Given records:
==*==

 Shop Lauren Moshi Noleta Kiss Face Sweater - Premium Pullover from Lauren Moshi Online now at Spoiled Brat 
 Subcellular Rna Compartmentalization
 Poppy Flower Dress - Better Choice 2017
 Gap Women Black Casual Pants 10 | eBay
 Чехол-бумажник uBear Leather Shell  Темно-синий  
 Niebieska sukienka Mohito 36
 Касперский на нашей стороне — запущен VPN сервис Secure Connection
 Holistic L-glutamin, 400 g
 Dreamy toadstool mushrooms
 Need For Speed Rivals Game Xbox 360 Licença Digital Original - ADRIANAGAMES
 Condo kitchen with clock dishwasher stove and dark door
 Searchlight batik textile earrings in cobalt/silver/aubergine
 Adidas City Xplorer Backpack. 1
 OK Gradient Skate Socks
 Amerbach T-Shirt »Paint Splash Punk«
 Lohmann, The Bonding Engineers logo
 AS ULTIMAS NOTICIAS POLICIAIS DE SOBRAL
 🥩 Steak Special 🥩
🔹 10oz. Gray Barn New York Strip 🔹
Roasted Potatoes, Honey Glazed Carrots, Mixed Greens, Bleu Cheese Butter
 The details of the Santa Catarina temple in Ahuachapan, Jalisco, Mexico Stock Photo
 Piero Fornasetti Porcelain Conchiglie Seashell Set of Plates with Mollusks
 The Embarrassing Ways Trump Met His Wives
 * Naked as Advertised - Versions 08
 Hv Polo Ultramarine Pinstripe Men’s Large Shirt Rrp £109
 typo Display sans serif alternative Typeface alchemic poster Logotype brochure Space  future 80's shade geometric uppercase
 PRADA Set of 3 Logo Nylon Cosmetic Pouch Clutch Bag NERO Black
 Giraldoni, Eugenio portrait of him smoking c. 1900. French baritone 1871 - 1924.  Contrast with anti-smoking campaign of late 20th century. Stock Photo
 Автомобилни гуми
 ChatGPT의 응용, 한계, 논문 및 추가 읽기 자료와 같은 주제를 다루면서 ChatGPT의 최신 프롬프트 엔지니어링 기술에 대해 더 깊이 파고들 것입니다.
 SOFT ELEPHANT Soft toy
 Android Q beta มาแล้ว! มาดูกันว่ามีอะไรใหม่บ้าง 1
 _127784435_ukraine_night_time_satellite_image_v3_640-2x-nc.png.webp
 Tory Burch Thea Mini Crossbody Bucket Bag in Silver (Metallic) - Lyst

==*==

Exercise instructions: The lines wanted are those from the one holding "The Embarrassing Ways Trump Met His Wives" through the final line of the listing; print them exactly.

Task answer:
 The Embarrassing Ways Trump Met His Wives
 * Naked as Advertised - Versions 08
 Hv Polo Ultramarine Pinstripe Men’s Large Shirt Rrp £109
 typo Display sans serif alternative Typeface alchemic poster Logotype brochure Space  future 80's shade geometric uppercase
 PRADA Set of 3 Logo Nylon Cosmetic Pouch Clutch Bag NERO Black
 Giraldoni, Eugenio portrait of him smoking c. 1900. French baritone 1871 - 1924.  Contrast with anti-smoking campaign of late 20th century. Stock Photo
 Автомобилни гуми
 ChatGPT의 응용, 한계, 논문 및 추가 읽기 자료와 같은 주제를 다루면서 ChatGPT의 최신 프롬프트 엔지니어링 기술에 대해 더 깊이 파고들 것입니다.
 SOFT ELEPHANT Soft toy
 Android Q beta มาแล้ว! มาดูกันว่ามีอะไรใหม่บ้าง 1
 _127784435_ukraine_night_time_satellite_image_v3_640-2x-nc.png.webp
 Tory Burch Thea Mini Crossbody Bucket Bag in Silver (Metallic) - Lyst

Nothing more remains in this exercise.